Chemokines are signalling molecules that enable cell migration. The chemokine CXCL12 and its receptor CXCR4 have major roles in neutrophil homeostasis. However, CXCR4 is overexpressed on cancer cells, leading to aberrant downstream signalling. This study identifies the importance of two downstream proteins, PKC and PKD, in CXCL12-stimulated PC3 prostate cancer migration. Additionally, novel CXCR4 antagonists for in situ click chemistry were developed and 3D printed materials for migration assays were designed. Finally, cellular expression of ACKR3, which also binds CXCL12, and its role in migration was investigated.

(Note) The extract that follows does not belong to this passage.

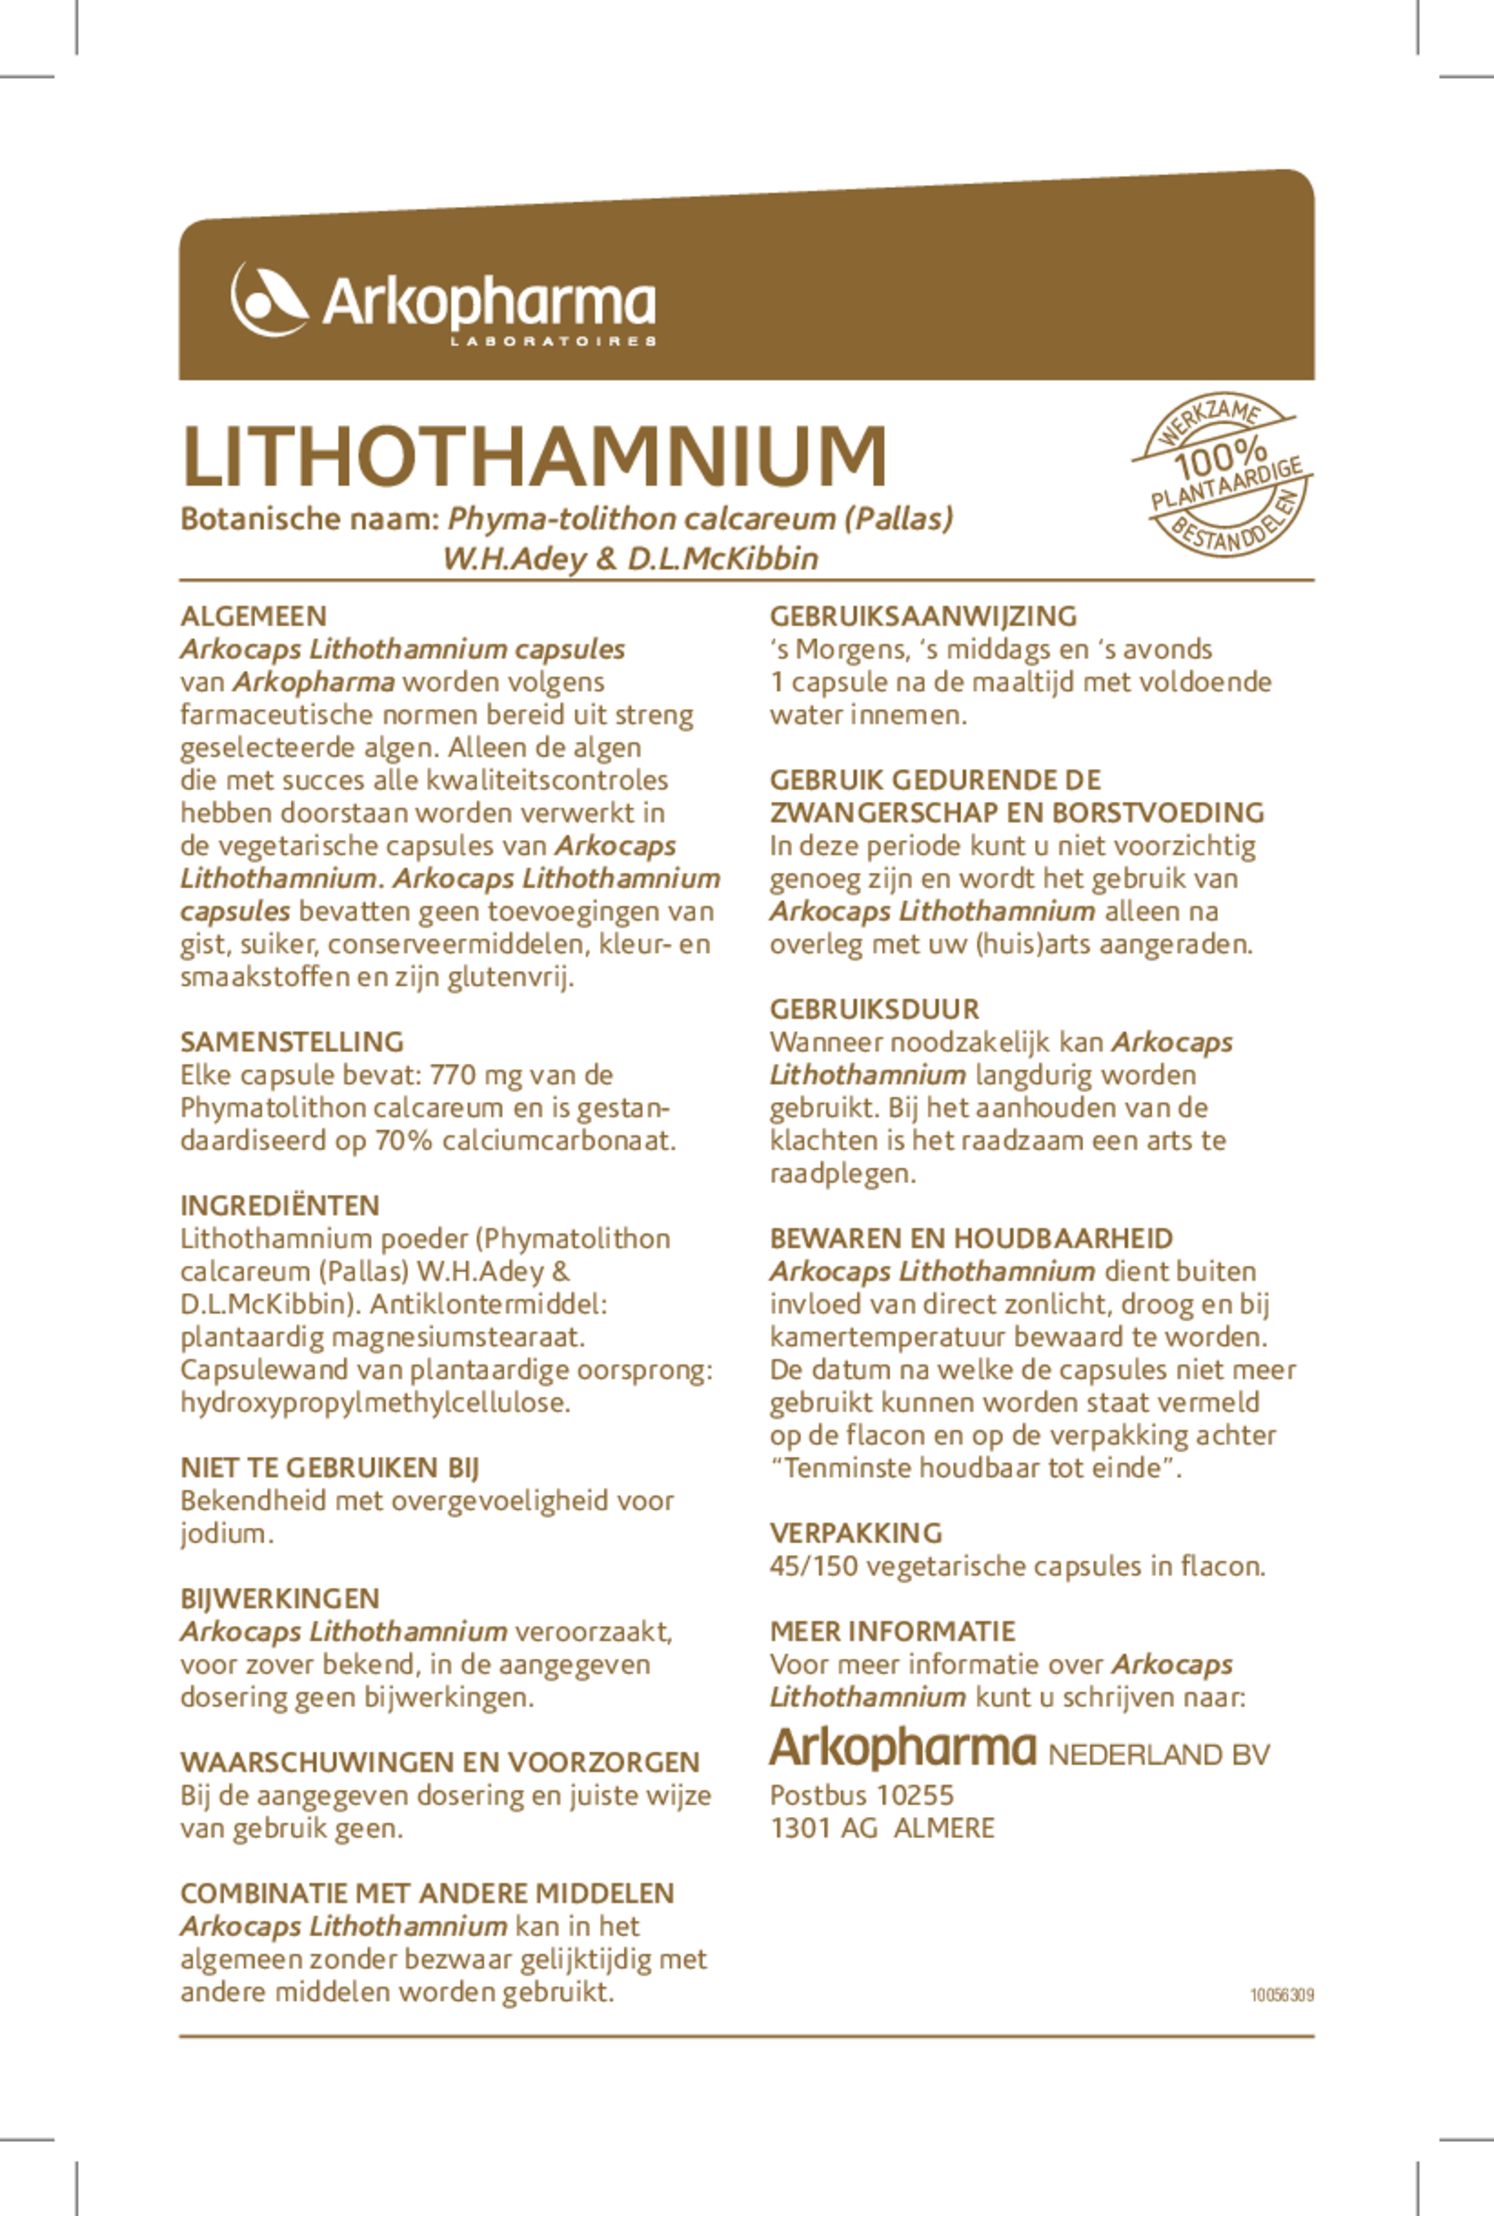 Lithothamnium Capsules afbeelding van document #1, gebruiksaanwijzing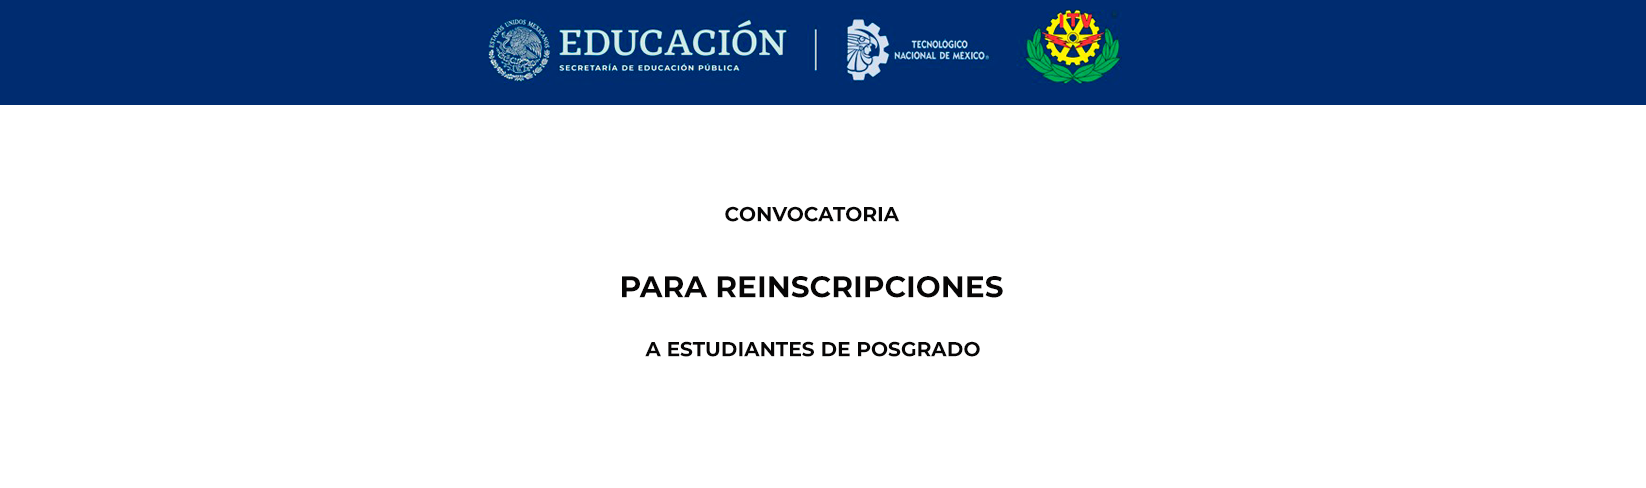 CONVOCATORIA PARA REINSCRIPCIONES A ESTUDIANTES DE POSGRADO

Experiments used MCF-7 breast cancer cells, PC3 cells, Jurkat leukemic T-lymphocytes and THP-1 AML cells which naturally express CXCR4 and ACKR3 and SKMEL28 melanoma cells which naturally express CXCR4. PKC/PKD inhibitors, CXCR4 antagonists and CXCR4/ACKR3 antibodies were used in migration assays and calcium release assays to measure cellular responses. Immunofluorescence, flow cytometry and copper-catalysed alkyne-azide cycloaddition (CuAAC) determined CXCR4 expression and/or internalisation. Actin expression was analysed after incubation with PKC/PKD inhibitors or CXCR4 antagonists.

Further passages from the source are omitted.